15. lxe ◴[21 Dec 24 19:15 UTC] No.42481564[source]▶

>>42468394 #

Wake words are different from "listen to everyhing until name is called". A wake work is needed for both privacy and technical reasons -- you can't just have alexa beaming everything it hears to amazon. So instead it uses a local lightweight "dumb" system to listen to specific words only.

That's exactly why there's massive latencies between command recognition, processing, and execution.

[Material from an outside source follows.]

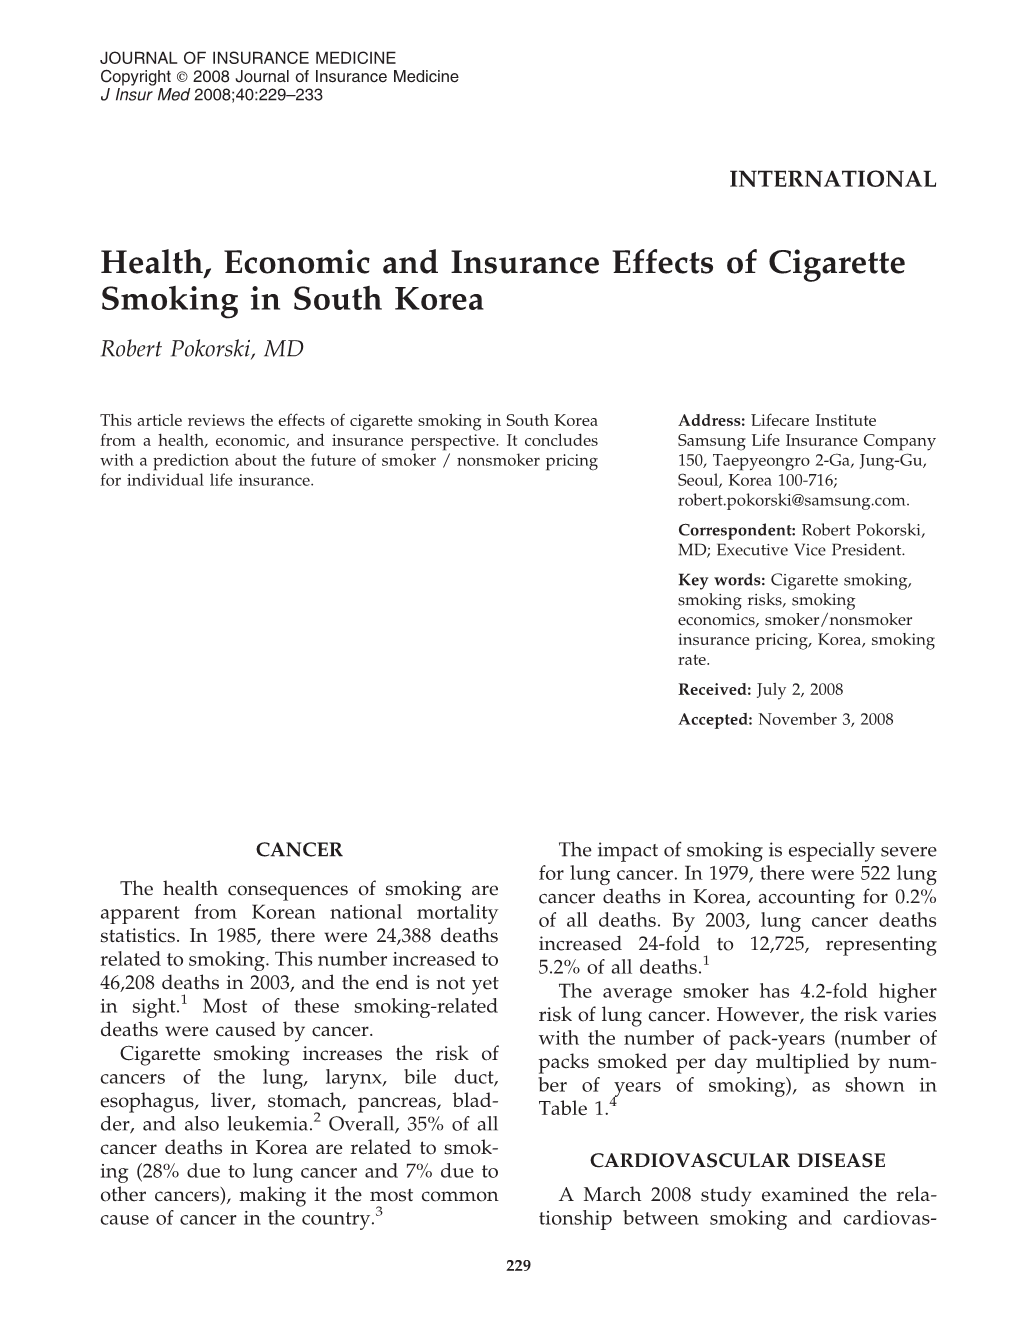 Health, Economic and Insurance Effects of Cigarette Smoking in South Korea Robert Pokorski, MD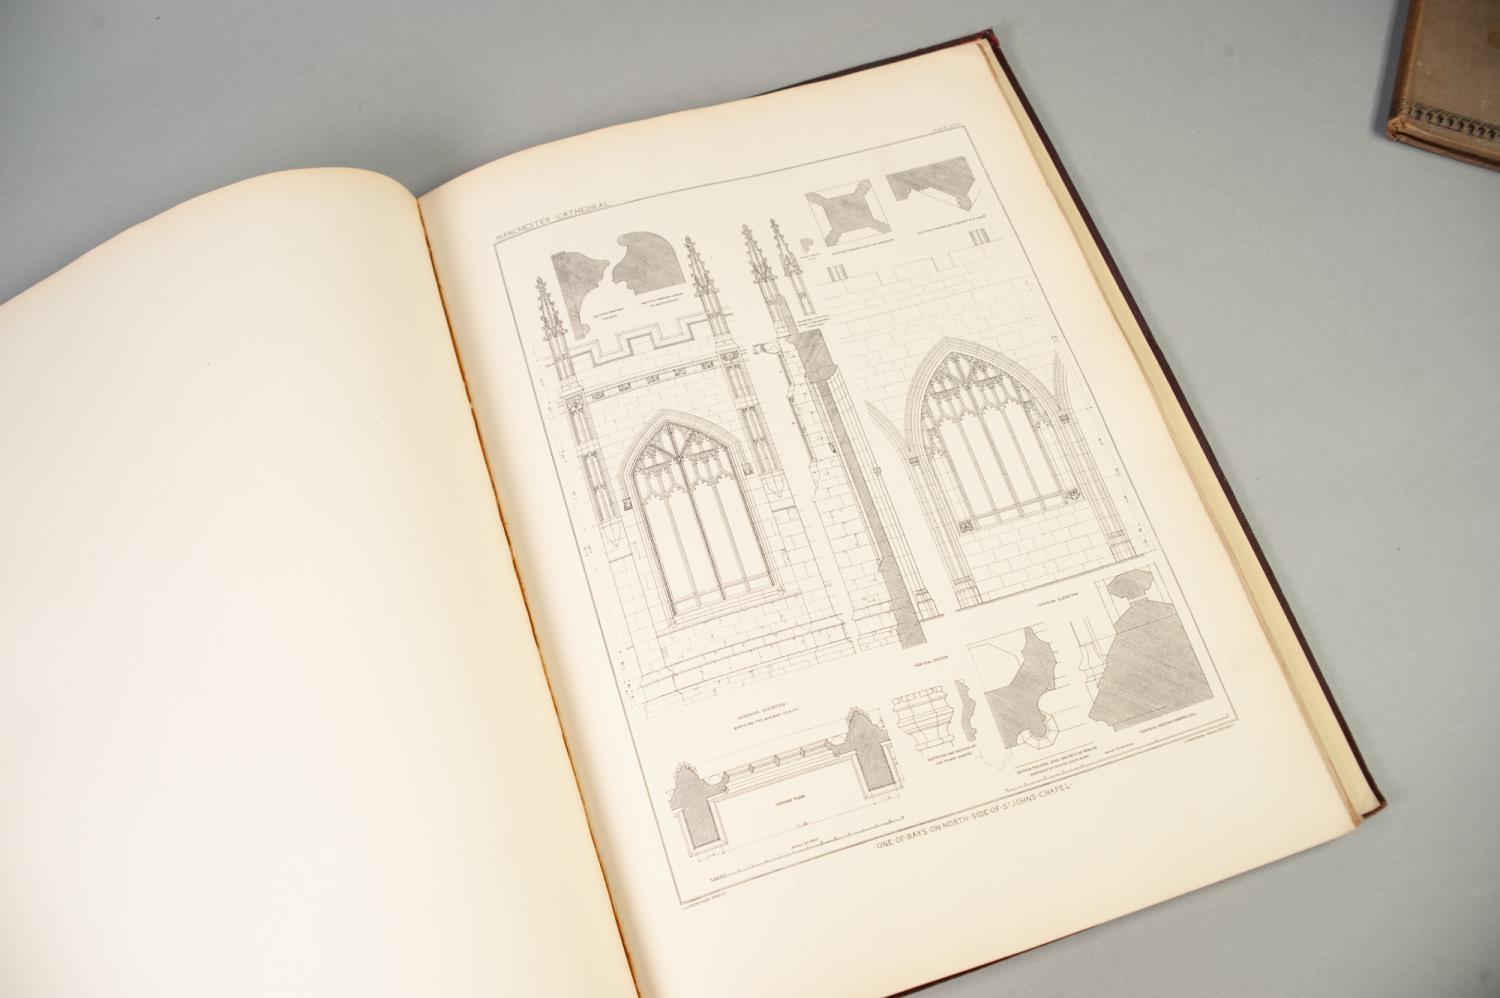 CROWTHER, AN ARCHITECUTRAL HISTORY OF THE CATHEDRAL CHURCH OF MANCHESTER, edited by F Renaud, - Image 4 of 6

Imagine if it had sub-ms response to "assistant, add uuh eggs and milk to the shopping list... actually no just eggs sorry"

replies(1): >>42485648 #

16. danparsonson ◴[22 Dec 24 11:10 UTC] No.42485648{3}[source]▶

>>42481564 #

Sure OK, maybe it's a beneficial side effect then. However you look at it, trying to get the computer to decide when you are addressing it, without using a name of some sort, could be a very challenging problem to solve, one that even humans struggle with. Surely you've been in a situation where you say something to a room and multiple people think you're talking to them? To borrow an example from elsewhere in the thread, if you say "turn on the lights", are you talking to the computer controlling the room lights, or the human standing next to the Christmas tree?

> Imagine if it had sub-ms response to "assistant, add uuh eggs and milk to the shopping list... actually no just eggs sorry"

Could you elaborate on that? What if that were true?